The NAO report is critical of the approach taken by the NDA in the procurement process, with the NAO head noting that “serious questions” needed to be asked about the NDA’s “understanding of procurement regulations”.
What went wrong?
In some ways, the issues raised provide an abject lesson of what can go wrong in a large public sector procurement.
The scale of the task to award the contract was magnified by tender evaluation criteria which the court noted were “overcomplex”, which made making mistakes in tender evaluation more likely.
The NDA relied heavily on external advice, including the unusual step of the NDA’s advisors undertaking a separate review of the tender marking – which resulted in some scores being changed. The NAO noted that none of the advice had identified the issues which later came to light in the court action. A key issue was the lack of any contemporaneous notes being retained by the NDA of the dialogue meetings or the evaluation sessions. Whilst in itself a breach of regulation 84 of the public contracts regulations (the obligation to keep contemporaneous records of the different stages of the procurement), and the NDA’s overarching transparency obligations, it also, practically, made it very difficult for the NDA to defend various of the legal claims being brought.
Changes were made to the tender evaluation criteria during the process, and issues arose where these changes had a knock-on effect on the overall tender scoring approach.

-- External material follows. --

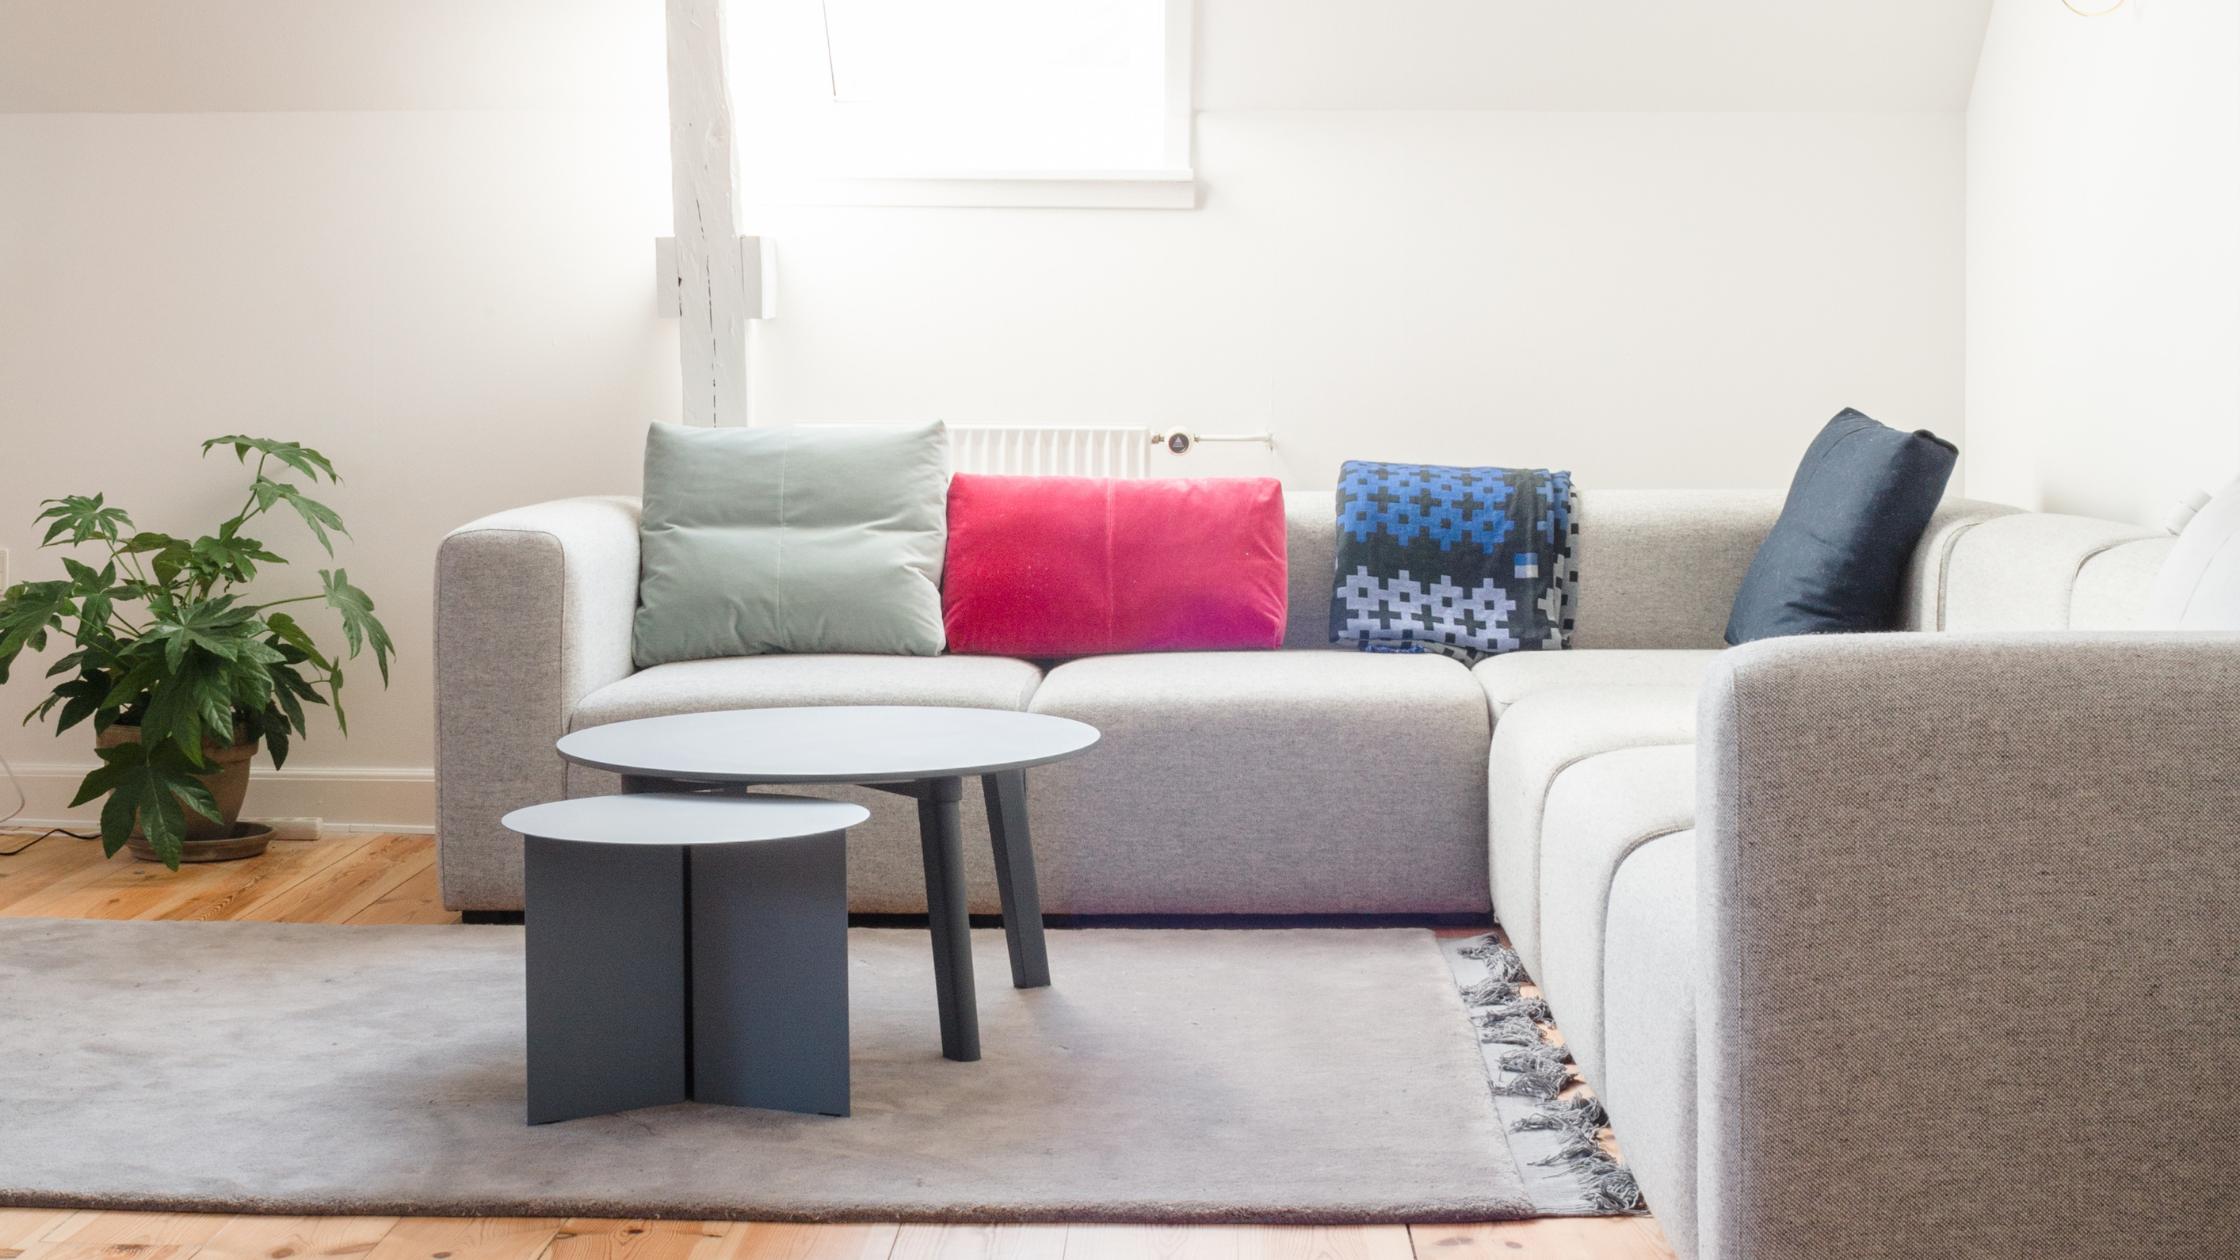 LifeX home living room

One bidder’s marks were inflated so as to avoid the changes to the criteria excluding that bidder due to a failure to meet a required scoring threshold. All of this was sufficient to breach the NDA’s obligations.

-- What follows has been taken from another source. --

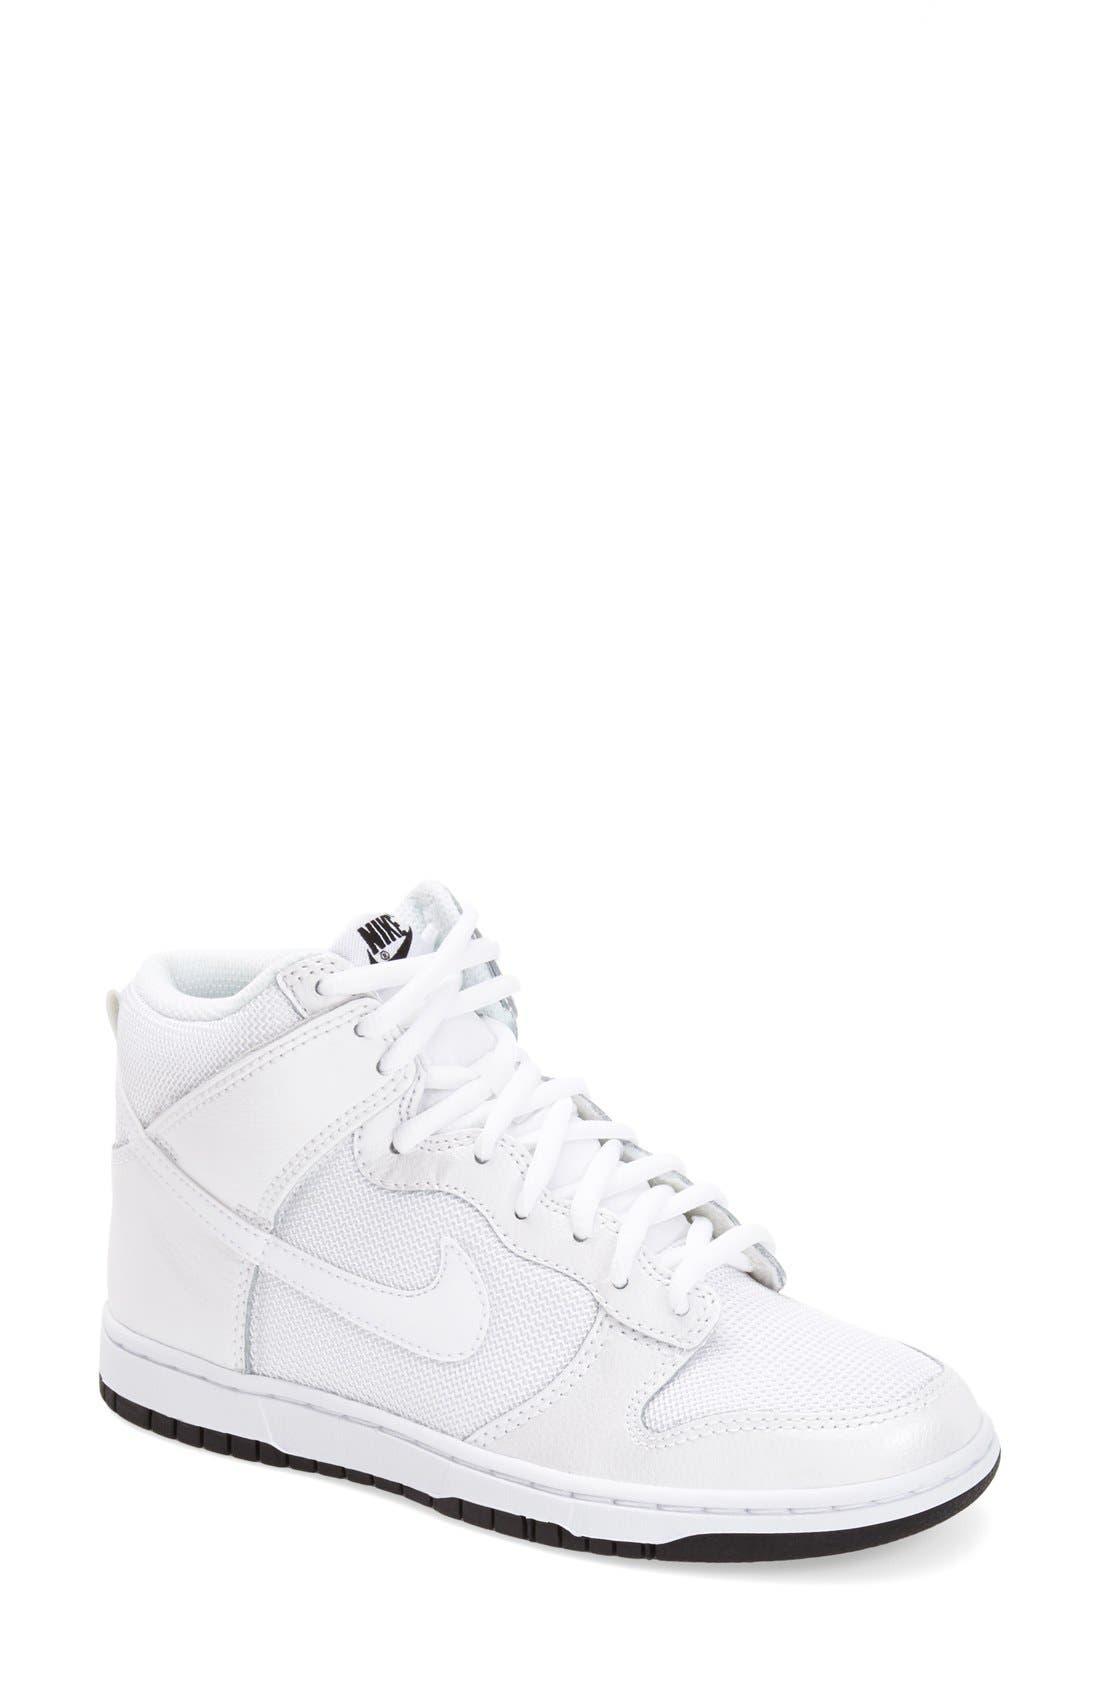 Alternate Image 1 Selected - Nike 'Dunk High Skinny' Sneaker (Women)

The Government has promised to look at the recommendations made in the NAO’s report, and the NDA has made changes to its structure and governance following the failed procurement. With Brexit negotiations continuing, access to public procurement markets across the EU will be one of the issues to be agreed in any future trade relationship. The lessons for procurers are set out clearly in the court’s judgment and NAO report – but cost to the public purse may have much further reaching consequences in terms of the UK’s approach to large scale procurement projects in the future.